Required information on insuring a fully licenced Irish driver who permanently lives outside the state, however, he has a recent conviction for drink driving.  His conviction was while driving a hired car and at the present he has no car insurance cover in this country.  Is there an Insurance Company that will cover him?


----------



## jhegarty (11 Nov 2008)

I assume he doesn't have a license , so no ......


----------



## DavyJones (11 Nov 2008)

jhegarty said:


> I assume he doesn't have a license , so no ......




I heard if your done for DD in one country, it only applies to that country. Any truth in that?


----------



## GA001 (11 Nov 2008)

Annunciata said:


> Required information on insuring a fully licenced Irish driver who permanently lives outside the state, however, he has a recent conviction for drink driving. His conviction was while driving a hired car and at the present he has no car insurance cover in this country. Is there an Insurance Company that will cover him?


 
The second poster questioned whether the individual is currently banned / has an active endorsement ? If he has been banned and is currently back on the road then an insurance company may cover him.

What is wrong with his current cover outside of the ROI ?



DavyJones said:


> I heard if your done for DD in one country, it only applies to that country. Any truth in that?


 
What are you reffering to ? in terms of insurance, if you have an endorsement on your licence outside of the ROI - then an insurance will apply terms / decline cover


----------



## Annunciata (12 Nov 2008)

Annunciata said:


> Required information on insuring a fully licenced Irish driver who permanently lives outside the state, however, he has a recent conviction for drink driving.  His conviction was while driving a hired car and at the present he has no car insurance cover in this country.  Is there an Insurance Company that will cover him?

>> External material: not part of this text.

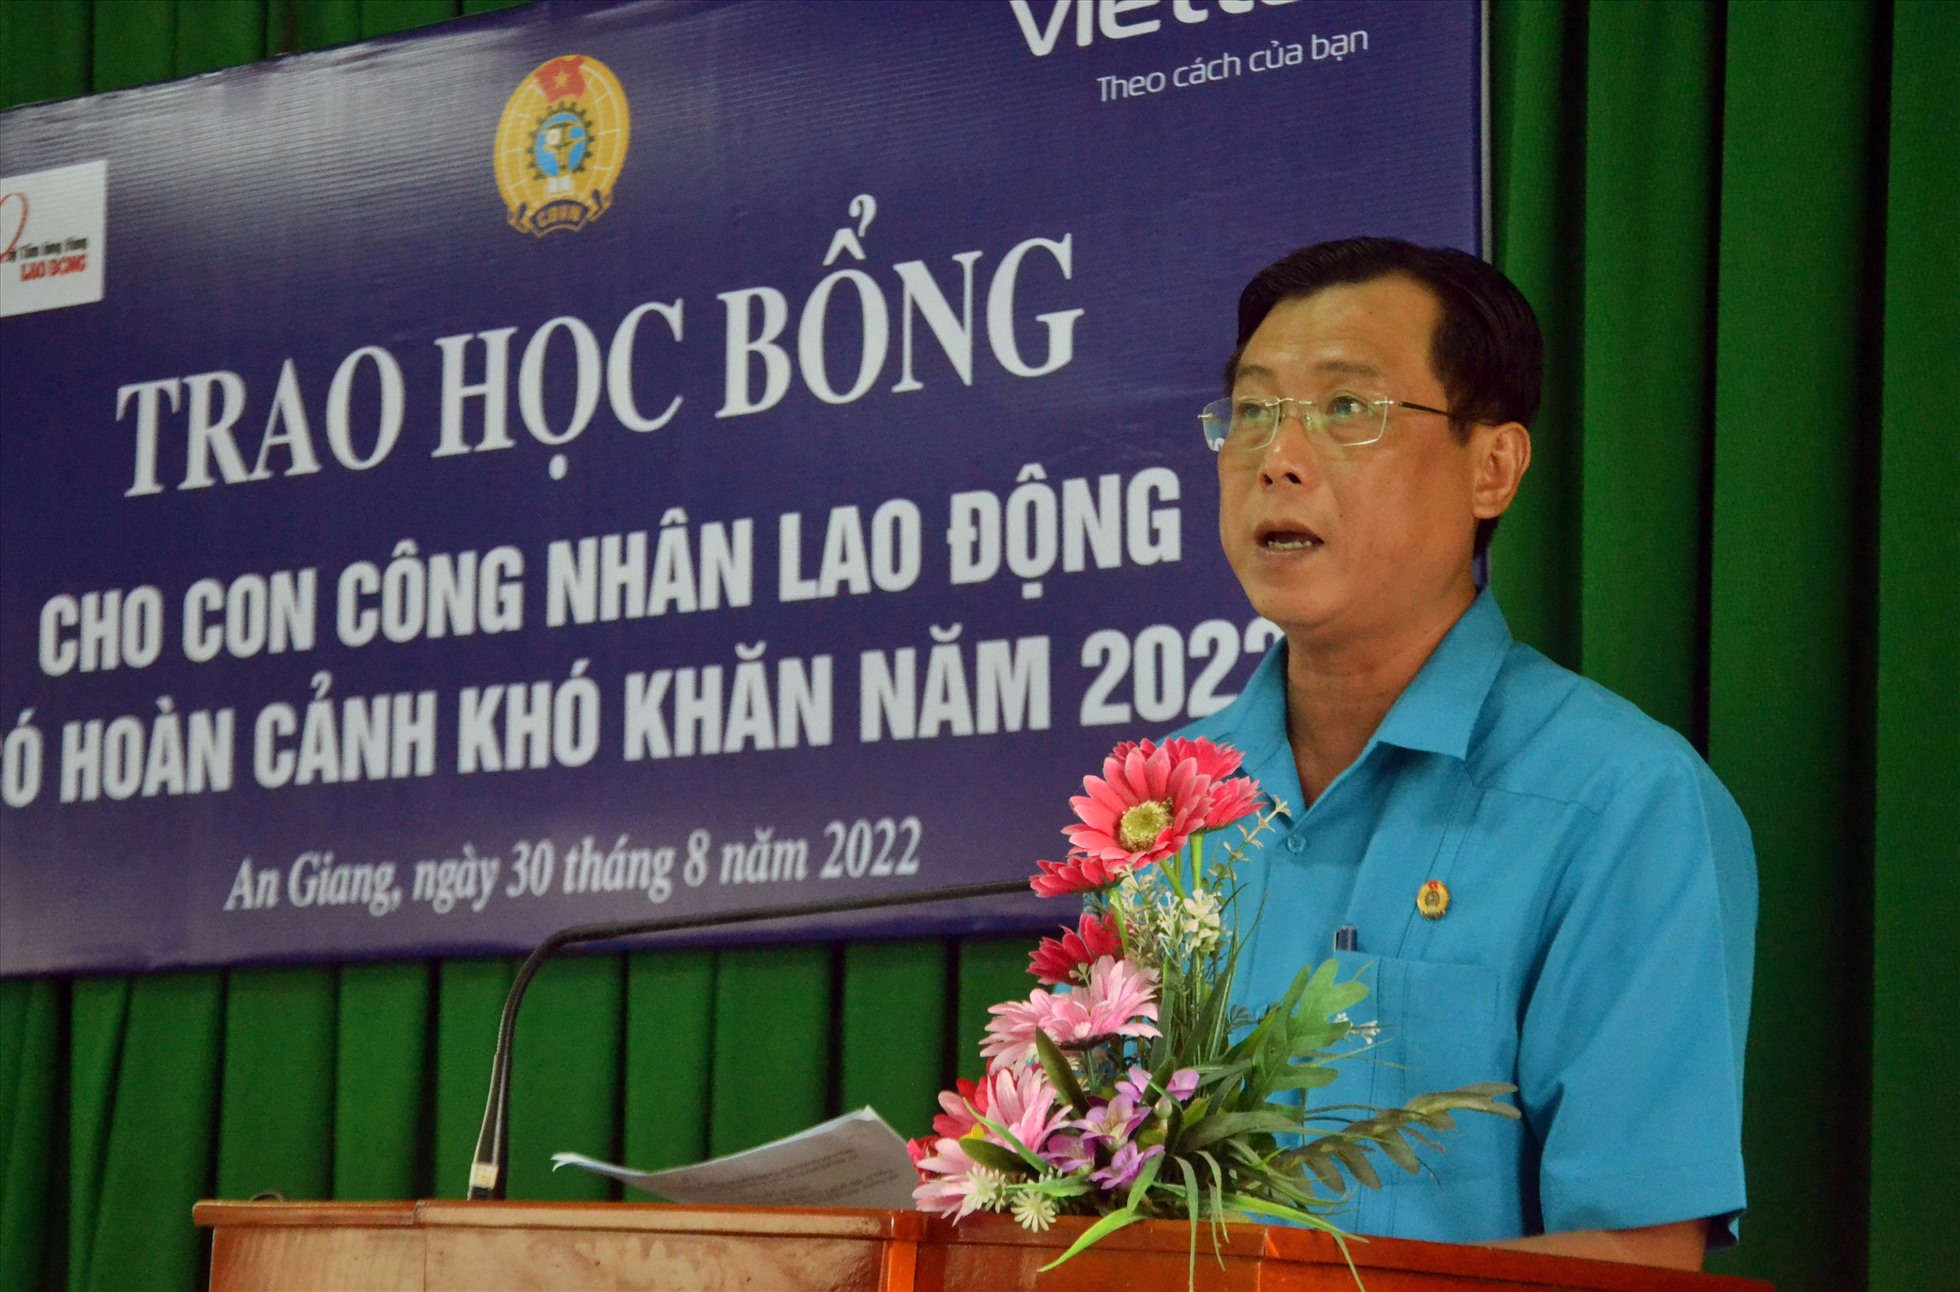 Phó Chủ tịch LĐLĐ tỉnh An Giang Nguyễn Nhật Tiến phát biểu tại buổi lễ trao học bổng. Ảnh: LT

To explain he does have an Irish Licence, he was caught drink driving in Ireland and his Irish Licence has been endorsed.  He has purchased a car for his use in Ireland when on holiday and so far has been unable to obtain insurance cover for the vehicle.  It appears that Insurance Companies are only obliged to cover a person who has previously has insurance cover with them.


----------



## briancbyrne (12 Nov 2008)

go to a broker and ask them to try St. Pauls


----------



## Jimbobp (12 Nov 2008)

ARB insurance, XS direct, St. Paul & possibly setanta insurance should quote for this risk. Most reputable brokers will have access to these companies.


www.powerinsurances.ie


----------



## GA001 (13 Nov 2008)

Annunciata said:


> To explain he does have an Irish Licence, he was caught drink driving in Ireland and his Irish Licence has been endorsed. He has purchased a car for his use in Ireland when on holiday and so far has been unable to obtain insurance cover for the vehicle. It appears that Insurance Companies are only obliged to cover a person who has previously has insurance cover with them.


 
Any company will insure him (under the DCA 2004)

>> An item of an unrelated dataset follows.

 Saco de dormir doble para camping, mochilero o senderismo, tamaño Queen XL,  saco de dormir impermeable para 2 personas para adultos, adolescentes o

Contact the IIF website will tell you everything.

Obtain letter from first company you approach, need 3 letters from 3 different insurers, approach first company with 3 letters - they are legally obliged to insure you (regardless whether they do motor insurance)


----------



## ailbhe (13 Nov 2008)

GA001 said:


> Any company will insure him (under the DCA 2004)
> 
> Contact the IIF website will tell you everything.
> 
> Obtain letter from first company you approach, need 3 letters from 3 different insurers, approach first company with 3 letters - they are legally obliged to insure you (regardless whether they do motor insurance)


 

this is true but the qotes might be ridiculous as they can pretty much load the policy by however much they want.

As statedabove, go to a broker. There are a few companies who will quote with a conviction and are usually competitive enough.


----------